7 files changed, 70 insertions, 5 deletions

diff --git a/changelogs/unreleased/oauth_bypass_two_factor.yml b/changelogs/unreleased/oauth_bypass_two_factor.yml
new file mode 100644
index 00000000000..7261e65a9f3
--- /dev/null
+++ b/changelogs/unreleased/oauth_bypass_two_factor.yml
@@ -0,0 +1,5 @@
+---
+title: Add option to allow OAuth providers to bypass two factor
+merge_request: 31996
+author: Dodocat
+type: added
diff --git a/config/gitlab.yml.example b/config/gitlab.yml.example
index 973c2747838..20b1020e025 100644
--- a/config/gitlab.yml.example
+++ b/config/gitlab.yml.example
@@ -780,6 +780,14 @@ production: &base
     # (default: [])
     external_providers: []
 
+    # CAUTION!
+    # This allows users to login with the specified providers without two factor. Define the allowed providers
+    # using an array, e.g. ["twitter", 'google_oauth2'], or as true/false to allow all providers or none.

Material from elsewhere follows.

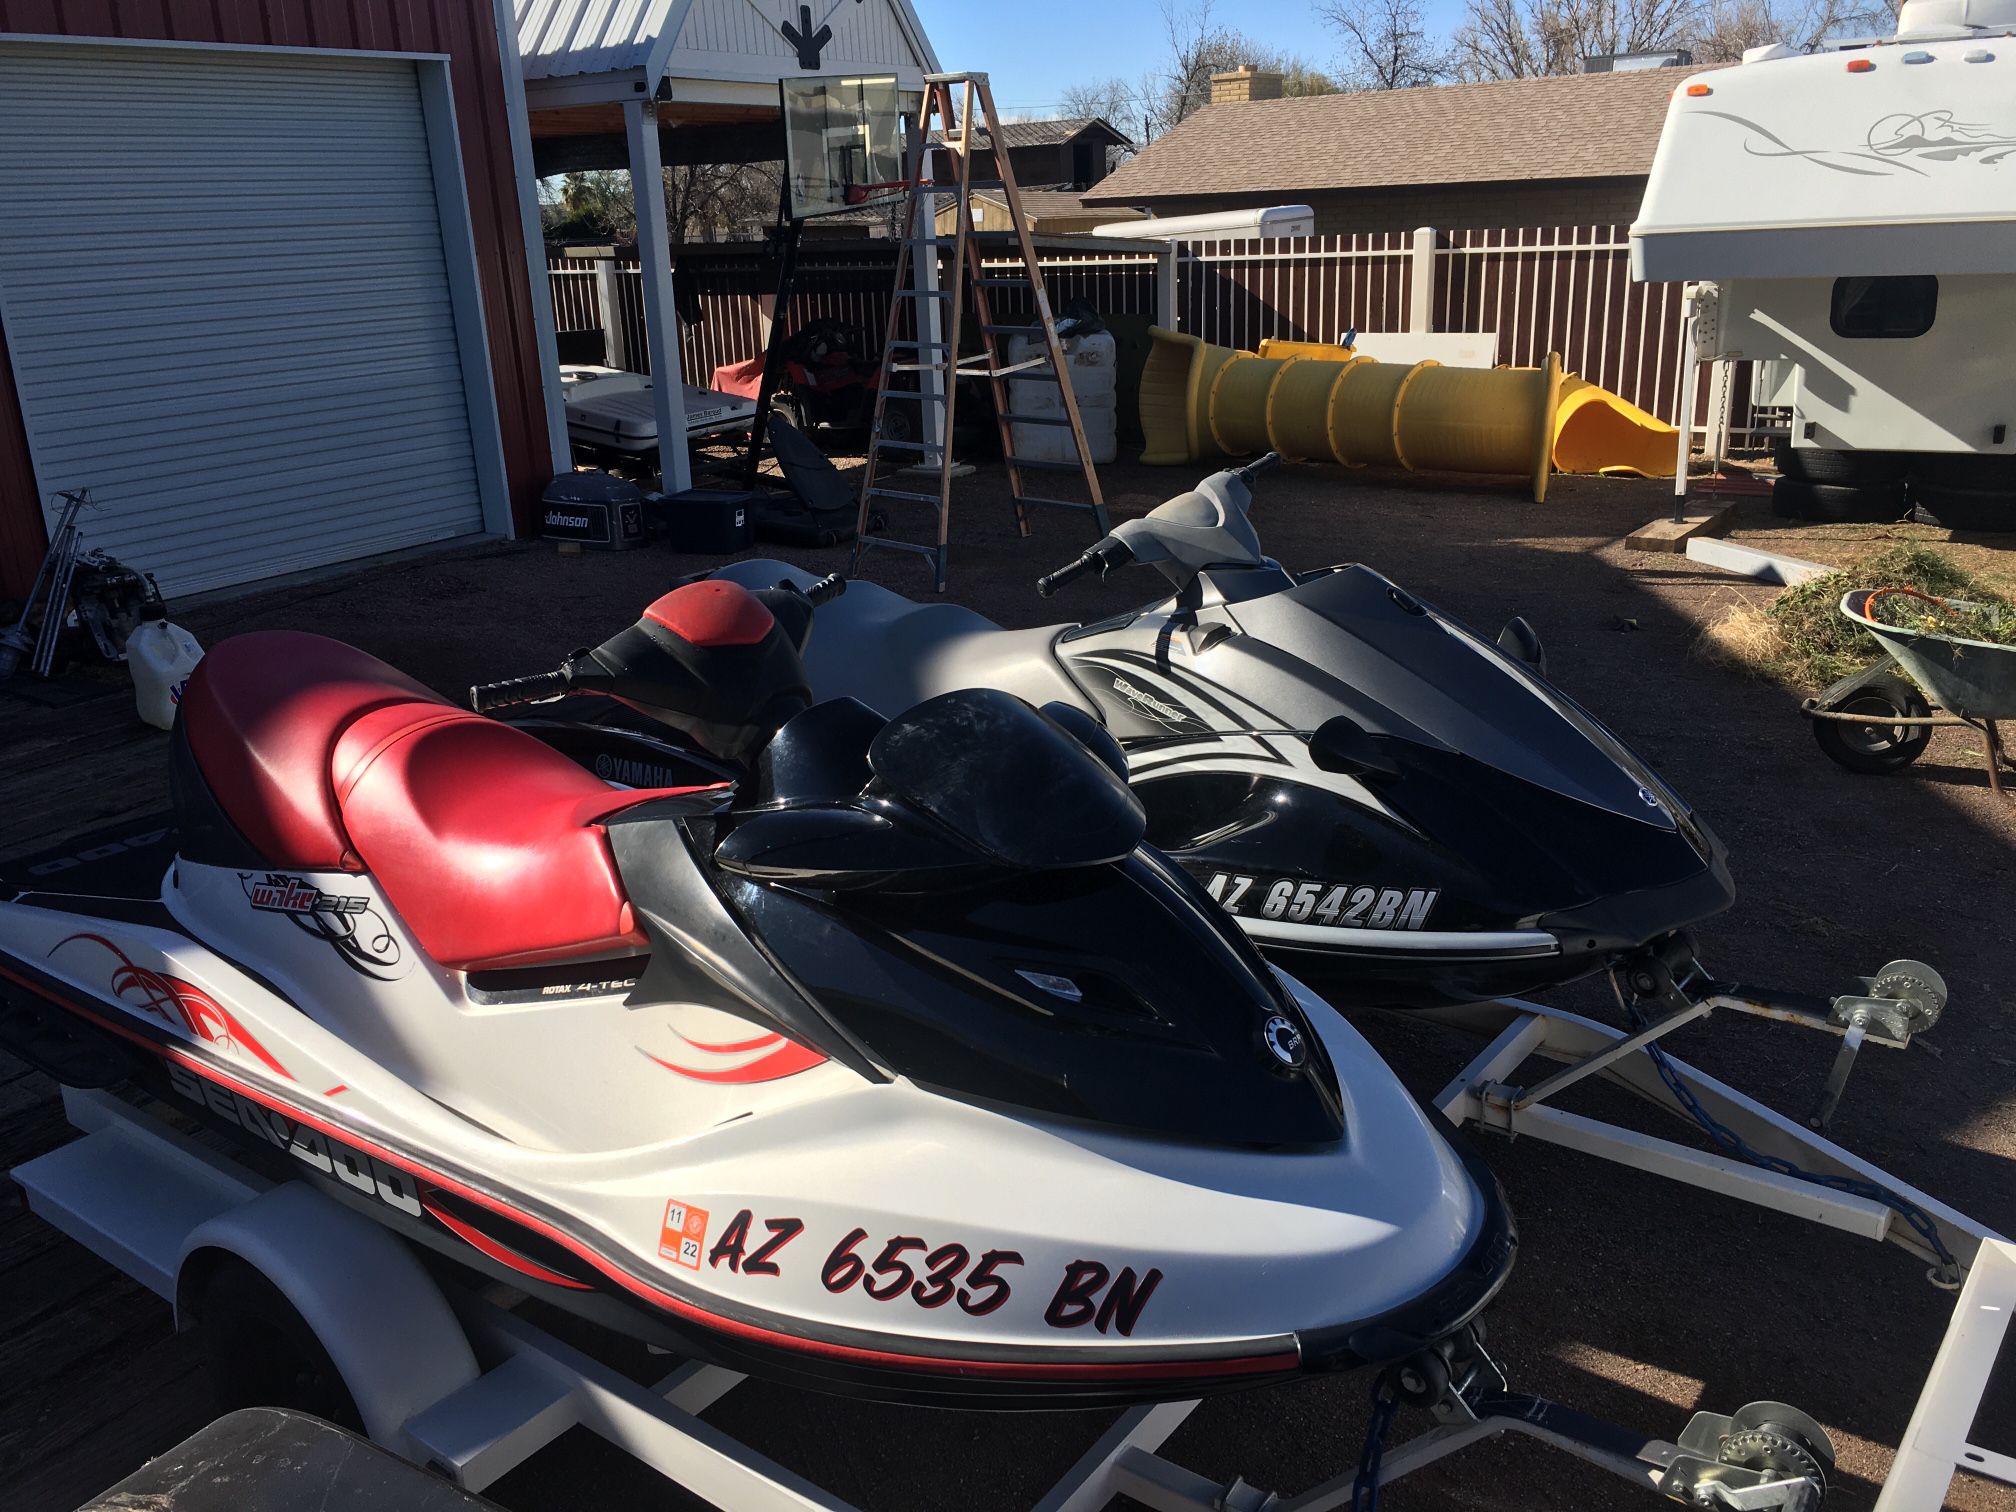 Supercharged Sea Doo Wake 215  and Yamaha Wave Runner VR Deluxe Four Cylinder - Both Four Strokes

+    # This option should only be configured for providers which already have two factor. 
+    # This configration dose not apply to SAML.
+    # (default: false)
+    allow_bypass_two_factor: ["twitter", 'google_oauth2']
+
     ## Auth providers
     # Uncomment the following lines and fill in the data of the auth provider you want to use
     # If your favorite auth provider is not listed you can use others:
diff --git a/config/initializers/1_settings.rb b/config/initializers/1_settings.rb
index fdc6b0a05ab..81433b620bc 100644
--- a/config/initializers/1_settings.rb
+++ b/config/initializers/1_settings.rb
@@ -84,6 +84,7 @@ Settings['omniauth'] ||= Settingslogic.new({})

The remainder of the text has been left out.